Record set: Begin

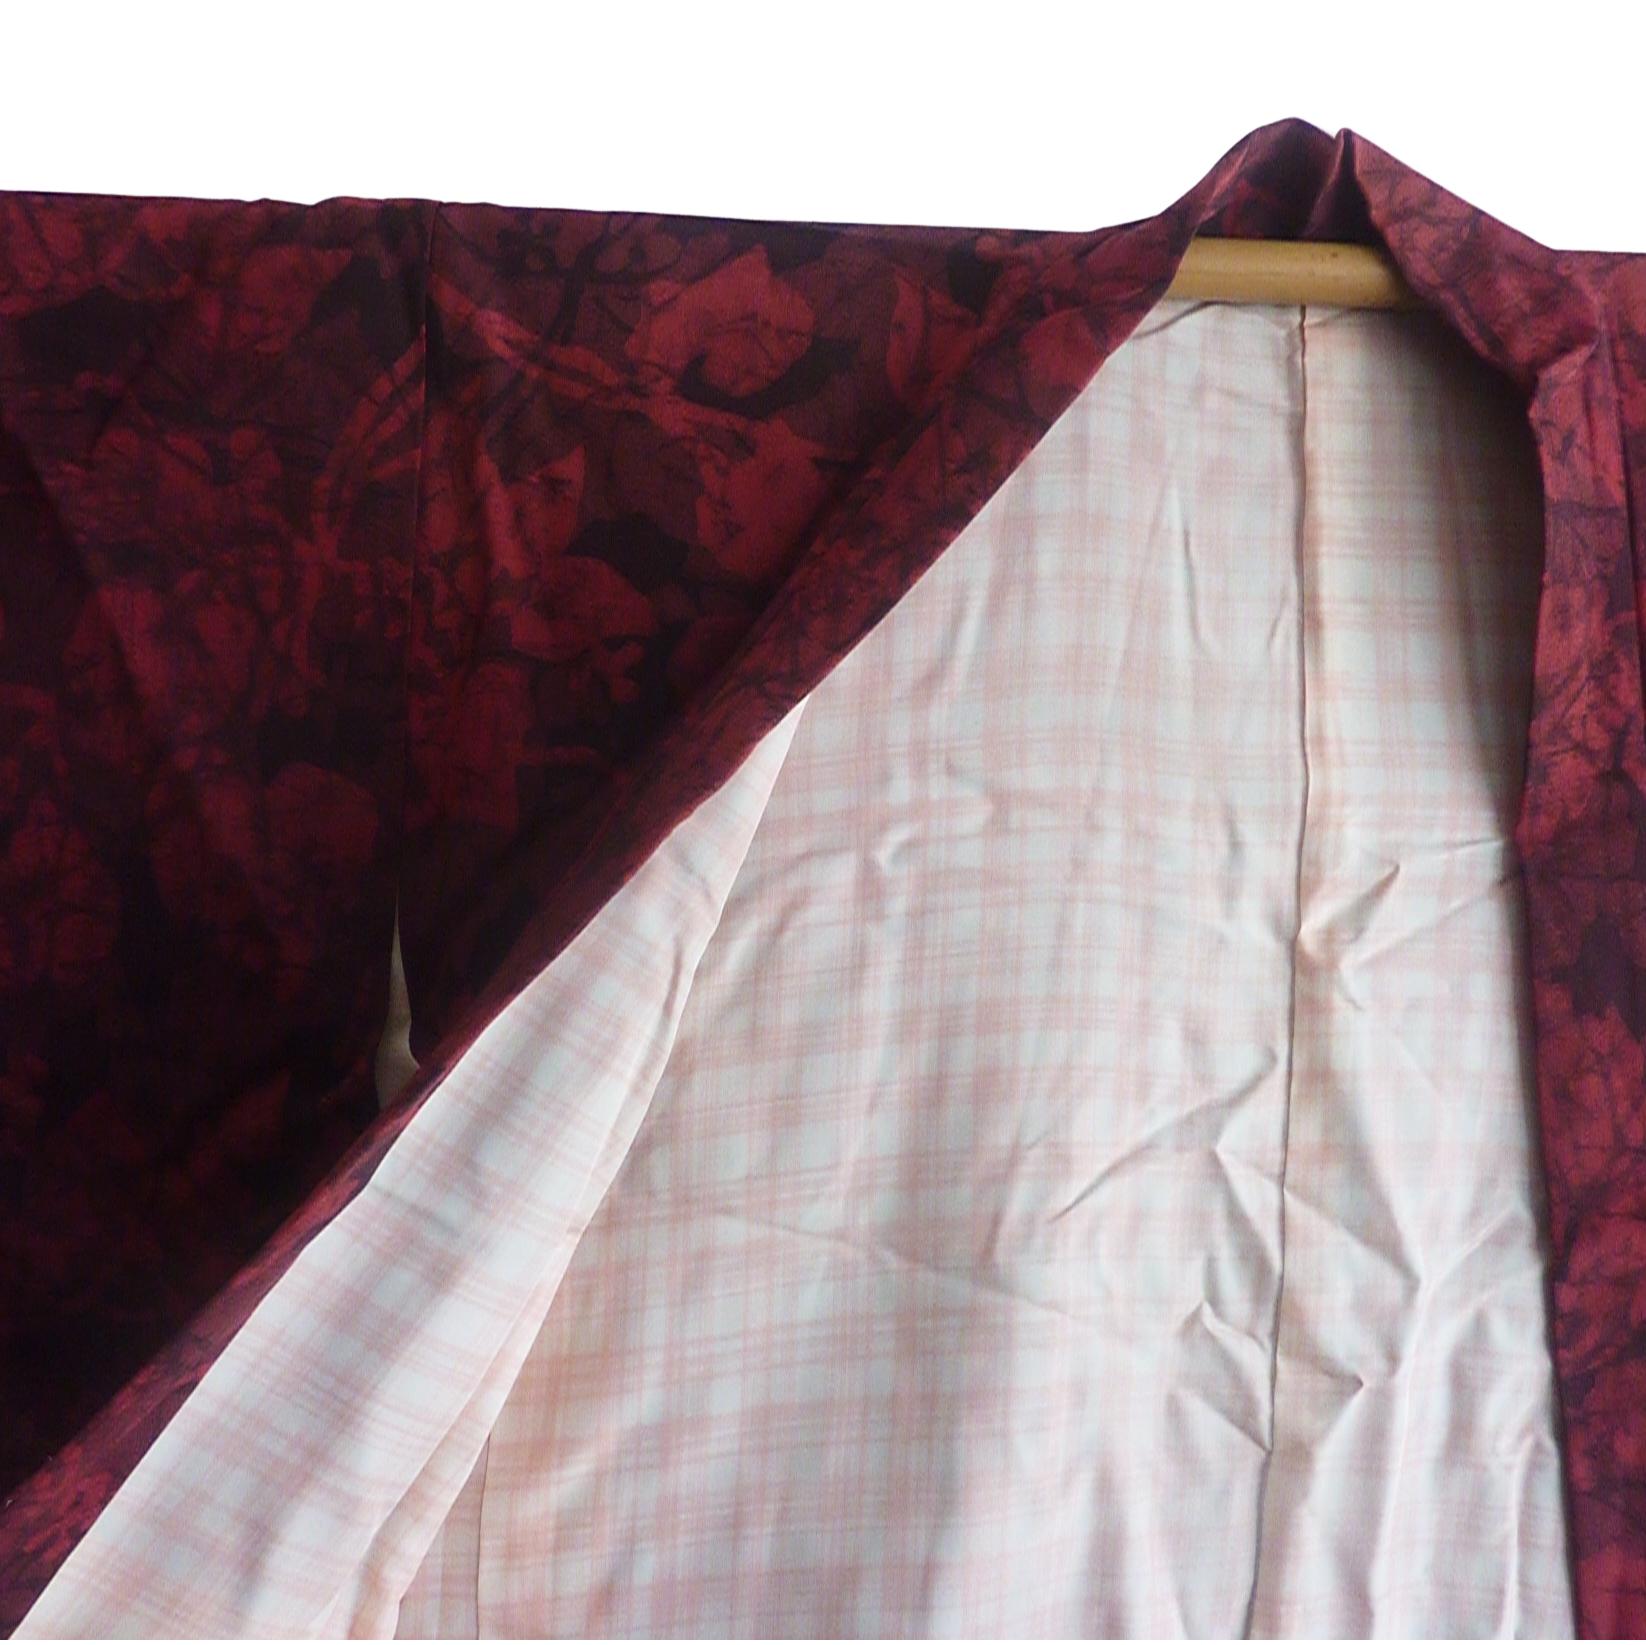 Antique Silk Haori kimono jacket  
Fabric: heavy silk crepe in red black foliage print
Peach plaid silk lining.
Circa: 1910
Place of Origin: Japan
Material: Silk
Condition: Very good
Total length 32

Record set: End

Exercise:
Look above for the line with "Circa: 1910", then copy it and each later line exactly, stopping at the last line of the records.

Task output:
Circa: 1910
Place of Origin: Japan
Material: Silk
Condition: Very good
Total length 32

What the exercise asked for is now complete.